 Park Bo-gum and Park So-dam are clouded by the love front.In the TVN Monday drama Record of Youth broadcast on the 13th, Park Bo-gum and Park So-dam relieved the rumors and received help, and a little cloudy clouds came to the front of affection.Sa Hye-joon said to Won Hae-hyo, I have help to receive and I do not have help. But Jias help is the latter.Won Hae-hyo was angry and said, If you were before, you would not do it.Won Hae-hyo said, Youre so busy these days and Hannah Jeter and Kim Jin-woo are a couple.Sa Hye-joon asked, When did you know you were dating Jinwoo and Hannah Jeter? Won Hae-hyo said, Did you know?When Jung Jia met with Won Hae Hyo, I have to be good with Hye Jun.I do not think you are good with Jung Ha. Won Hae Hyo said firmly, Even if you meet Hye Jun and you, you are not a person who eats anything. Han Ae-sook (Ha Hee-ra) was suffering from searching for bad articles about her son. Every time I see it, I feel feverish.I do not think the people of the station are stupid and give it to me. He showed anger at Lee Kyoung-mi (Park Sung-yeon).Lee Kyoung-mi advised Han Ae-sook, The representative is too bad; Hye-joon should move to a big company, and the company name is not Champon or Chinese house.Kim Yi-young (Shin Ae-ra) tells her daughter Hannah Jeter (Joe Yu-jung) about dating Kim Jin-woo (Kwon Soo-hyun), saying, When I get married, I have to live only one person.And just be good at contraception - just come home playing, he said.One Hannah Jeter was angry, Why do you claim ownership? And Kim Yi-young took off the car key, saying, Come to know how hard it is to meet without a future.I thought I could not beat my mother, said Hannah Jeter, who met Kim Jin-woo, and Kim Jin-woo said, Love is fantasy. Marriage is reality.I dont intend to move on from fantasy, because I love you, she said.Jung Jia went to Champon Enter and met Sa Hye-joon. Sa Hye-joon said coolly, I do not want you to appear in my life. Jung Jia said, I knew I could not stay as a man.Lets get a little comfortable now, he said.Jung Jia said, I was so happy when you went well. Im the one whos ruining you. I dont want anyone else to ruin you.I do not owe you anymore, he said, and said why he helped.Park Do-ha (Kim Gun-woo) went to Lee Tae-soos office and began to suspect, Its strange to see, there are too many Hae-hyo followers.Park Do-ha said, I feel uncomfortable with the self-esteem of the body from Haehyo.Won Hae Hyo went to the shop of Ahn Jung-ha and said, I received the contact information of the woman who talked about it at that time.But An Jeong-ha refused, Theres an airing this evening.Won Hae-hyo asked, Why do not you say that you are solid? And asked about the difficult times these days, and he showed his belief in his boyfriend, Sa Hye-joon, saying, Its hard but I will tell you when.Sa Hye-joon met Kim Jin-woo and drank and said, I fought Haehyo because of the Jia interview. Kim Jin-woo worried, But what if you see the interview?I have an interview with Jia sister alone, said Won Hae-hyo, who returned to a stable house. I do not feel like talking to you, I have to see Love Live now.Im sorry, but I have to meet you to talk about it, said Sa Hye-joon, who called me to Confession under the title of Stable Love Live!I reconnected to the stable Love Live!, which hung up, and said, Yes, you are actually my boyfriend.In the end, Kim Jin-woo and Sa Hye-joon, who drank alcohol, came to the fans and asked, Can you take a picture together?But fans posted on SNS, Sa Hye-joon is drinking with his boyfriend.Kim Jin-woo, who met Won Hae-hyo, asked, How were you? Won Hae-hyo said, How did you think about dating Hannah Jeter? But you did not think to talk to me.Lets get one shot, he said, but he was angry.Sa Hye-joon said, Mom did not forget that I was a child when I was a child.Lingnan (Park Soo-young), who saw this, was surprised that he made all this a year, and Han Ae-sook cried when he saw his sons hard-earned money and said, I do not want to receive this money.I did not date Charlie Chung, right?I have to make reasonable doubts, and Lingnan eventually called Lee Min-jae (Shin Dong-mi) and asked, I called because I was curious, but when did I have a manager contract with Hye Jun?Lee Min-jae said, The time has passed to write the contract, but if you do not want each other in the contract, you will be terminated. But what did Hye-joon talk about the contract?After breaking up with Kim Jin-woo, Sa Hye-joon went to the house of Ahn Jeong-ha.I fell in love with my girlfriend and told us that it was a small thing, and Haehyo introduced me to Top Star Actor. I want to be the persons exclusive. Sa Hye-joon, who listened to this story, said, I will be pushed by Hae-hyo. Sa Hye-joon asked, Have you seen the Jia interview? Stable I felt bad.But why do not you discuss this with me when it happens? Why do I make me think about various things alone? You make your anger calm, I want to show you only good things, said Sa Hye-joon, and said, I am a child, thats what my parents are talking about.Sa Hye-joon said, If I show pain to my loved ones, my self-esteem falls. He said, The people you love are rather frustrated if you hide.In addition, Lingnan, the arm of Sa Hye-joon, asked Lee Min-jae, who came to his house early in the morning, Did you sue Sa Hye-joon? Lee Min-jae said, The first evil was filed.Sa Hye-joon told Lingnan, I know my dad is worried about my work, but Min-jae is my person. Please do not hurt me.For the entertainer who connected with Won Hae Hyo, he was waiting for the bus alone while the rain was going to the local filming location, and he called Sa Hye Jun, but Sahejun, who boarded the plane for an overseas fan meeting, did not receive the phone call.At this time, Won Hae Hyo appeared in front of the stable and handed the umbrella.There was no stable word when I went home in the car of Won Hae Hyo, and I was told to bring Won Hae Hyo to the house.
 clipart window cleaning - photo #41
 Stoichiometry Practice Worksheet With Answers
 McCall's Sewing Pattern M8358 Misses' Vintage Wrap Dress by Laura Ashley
————
■ **What you are asked to do**:
After locating the line containing "clipart window cleaning - photo #41", give that line and every later line of the listing again exactly, up to and including the last.

■ **Task result**:
 clipart window cleaning - photo #41
 Stoichiometry Practice Worksheet With Answers
 McCall's Sewing Pattern M8358 Misses' Vintage Wrap Dress by Laura Ashley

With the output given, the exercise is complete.